Beyond Data and Model Parallelism for Deep Neural Networks

https://www.youtube.com/watch?v=81l6kkV-OkE

  • Parallelizing DNN training is hard

    • Complex DNN models --> complex machine architectures

  • Existing approaches: data and model parallelism

    • Data parallelism is the default strategy in existing DNN framework

    • Manually-designed strategies

      • Combine data and model parallelism to accelerate DNNs

    • Automatic generated strategies

      • ColocRL uses RL to find device placement for model paralellism

    • Exploring dimensions beyond data and model parallelism can further accelerate DNN training (by up to 3.3x)

  • A search-based approach

    • Define the SOAP search space of possible parallelization approach

    • A cost model and a search algorithm

    • Combining them: optimized strategies

  • The SOSP search space

    • Samples, operators, attributes, parameters

      • Samples: partitioning training samples (data parallelism)

      • Operators: partitioning DNN operators (model parallelism)

      • Attributes: partitioning attributes in a sample (e.g., different pixels)

      • Parameters: partitioning parameters in an operator

    • Hybrid parallelism: different strategies perform the same computation (same accuracy, and focus on runtime performance)

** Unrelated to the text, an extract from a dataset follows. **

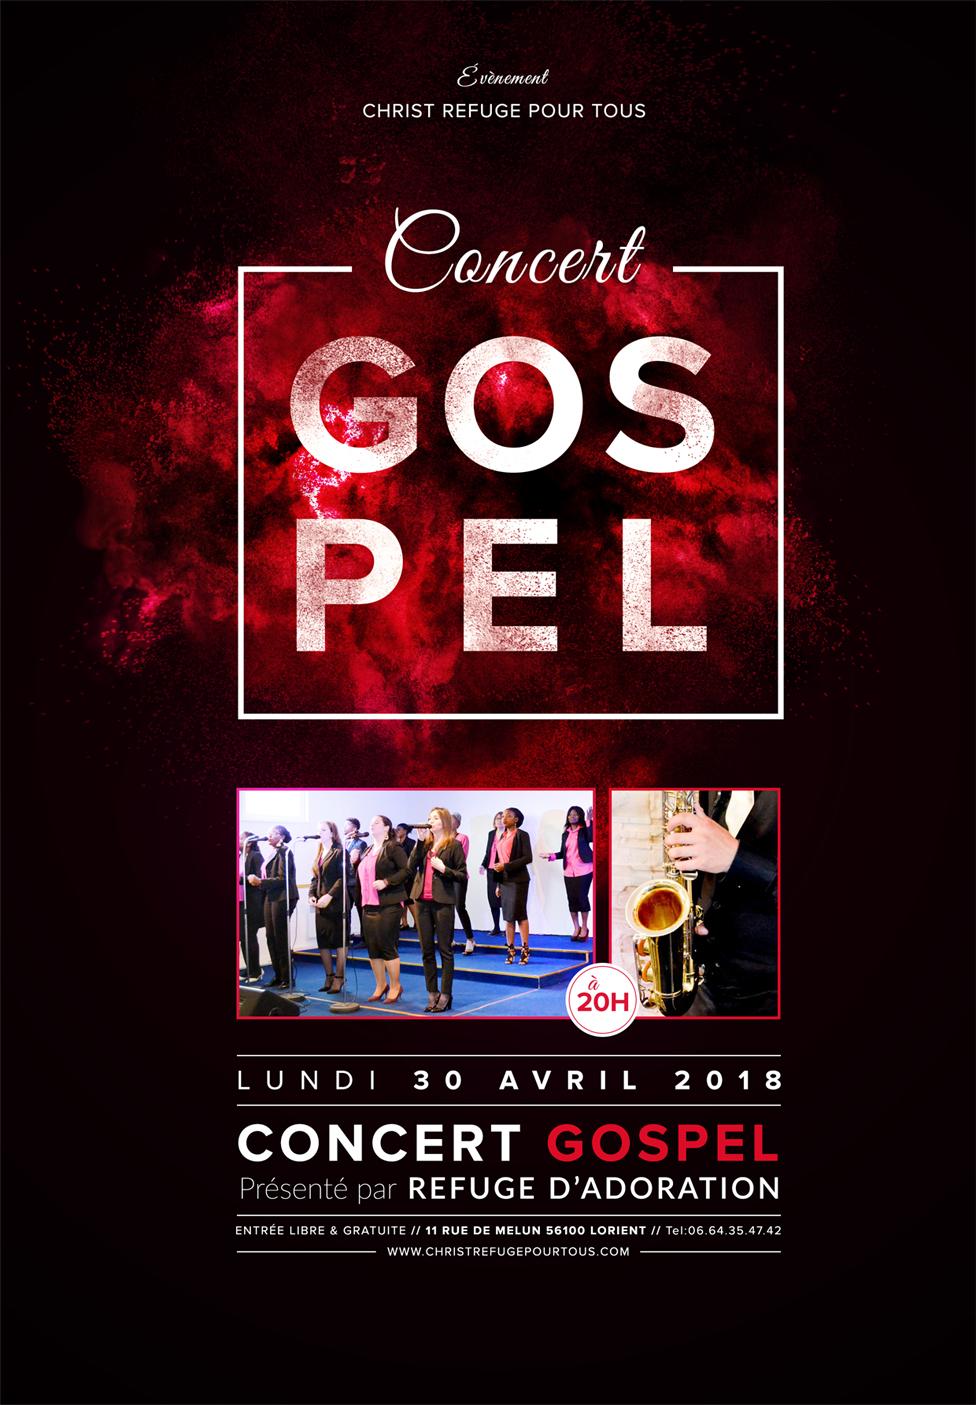 Concert Gospel à Lorient le 30 avril à 20h

  • This work: by considering a large search space, able to find better solution

    • Example: data parallelism, model parallelism, hybrid

  • A cost model and a search algorithm

    • Optimized solution in this search space

    • FlexFlow

      • Input: operator graph (computation in DNN model), device topology (set of available devices, and their inter-connections)

      • Execution optimizer

        • MCMC: search algorithm

          • Iterative generate candidate strategies

        • Execution simulator: cost model

          • Simulate the execution of the strategies and send the simulated performance back to the search algorithm

          • Challenge: measuring distributed executions on real hardware is slow

          • Two observations

            • The performance of DNN operators is highly predictable

            • DNN models only use a small number of distinct operators (redundancy)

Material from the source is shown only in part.